Geology of the cassiterite mineralisation in the Rutongo area, Rwanda (Central Africa): current state of knowledge
Department of Geology and Mineralogy, Royal Museum for Central Africa, Leuvensesteenweg 13, B-3080 Tervuren, Belgium. E-mail: Stijn.Dewaele@africamuseum.be
Geodynamics & Geofluids Research Group, Katholieke Universiteit Leuven, Celestijnenlaan 200E, B-3001 Leuven, Belgium
Geodynamics & Geofluids Research Group, Katholieke Universiteit Leuven, Celestijnenlaan 200E, B-3001 Leuven, Belgium
Geodynamics & Geofluids Research Group, Katholieke Universiteit Leuven, Celestijnenlaan 200E, B-3001 Leuven, Belgium
University of Manchester, School of Earth, Atmospheric and Environmental Sciences, Oxford Road, Manchester M13 9PL, United Kingdom
Scottish Universities Environmental Research Centre, Rankine Avenue, Scottish Enterprise Technology Park, East Kilbride G75 0QF, Scotland, UK
Department of Geology and Mineralogy, Royal Museum for Central Africa, Leuvensesteenweg 13, B-3080 Tervuren, Belgium
Abstract
The Mesoproterozoic Kibara orogen in Central Africa hosts different granite-related rare element deposits that contain cassiterite, columbite-tantalite (“coltan”), wolframite, beryl, spodumene, etc. as typical minerals. The primary deposits of these minerals are formed by pegmatites and quartz veins that have historically been related to the youngest, most evolved G4-granite generation in the northern part of the Kibara orogen. This study focuses on quartz vein-type cassiterite mineralisation in the Rutongo area in Rwanda.

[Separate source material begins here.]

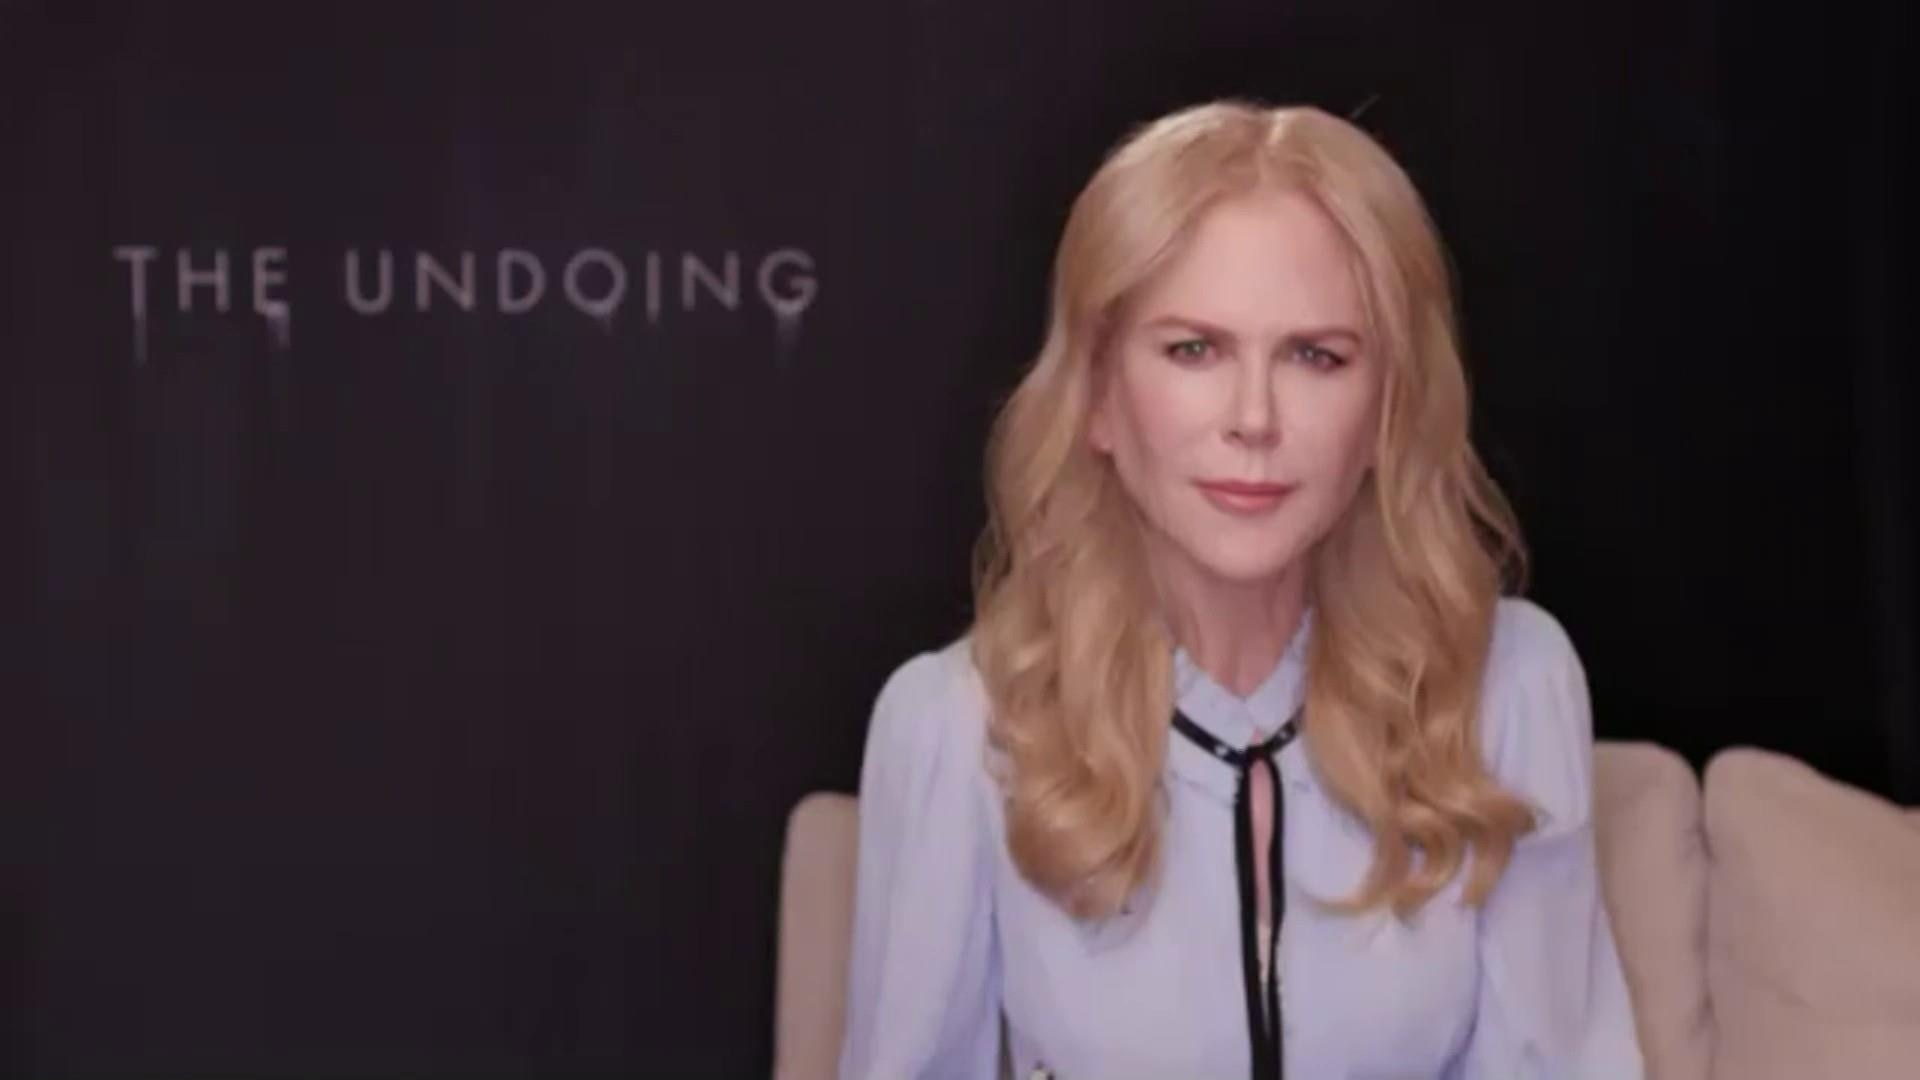 Watch TODAY Highlight: Nicole Kidman on 'The Undoing' and ...The Undoing

The Rutongo area consists of a large anticline that is characterised by the presence of cassiterite-mineralised quartz vein sets that dominantly occur in quartzites. The emplacement of the quartz veins has been related to a later phase in the deformation history of the Kibara orogeny. The mineralised quartz veins are associated with intense alteration, comprising silicification, tourmalinisation, sericitisation and muscovitisation. Cassiterite itself is associated with muscovite in fractures in and along the margins of the quartz veins. Cassiterite crystallisation is followed by the precipitation of different sulphides, such as arsenopyrite, pyrite, chalcopyrite and galena. Cassiterite mineralisation resulted from the circulation of high-temperature and moderate-salinity fluids with a H2O-CO2-(CH4-N2)-NaCl composition. The stable isotopic composition of the cassiterite mineralising fluids indicates precipitation during metamorphic hydrothermal conditions, during which the metamorphic fluids where in isotopic equilibrium with granitic rocks. The circulation of these fluids probably resulted in the remobilisation of the Sn from these magmatic rocks, as indicated by the relative low Sn concentration of the specialised G4-granites. 40Ar-39Ar age dating of muscovite associated with the mineralisation gives an integrated age of 869 7 Ma, which is clearly younger than the age of the G4-granites (~986 Ma) and the pegmatites with associated columbite-tantalite mineralisation (~965 Ma) in the area. Based on this large time gap, the 40Ar-39Ar age is interpreted to reflect a hydrothermal event post-dating the emplacement of the Kigali granite, only indicating a possible minimum age for the formation of the cassiterite mineralisation.
Based on the structural setting, petrographical observations, the geochemistry of the G4-granites, stable isotope geochemistry, we therefore propose a model in which Sn was mobilised from primary magmatic rocks by a metamorphic hydrothermal fluid system that was generated after crystallisation of the granites and pegmatites. Cassiterite was precipitated in structurally controlled locations, together with the alteration of the host-rocks.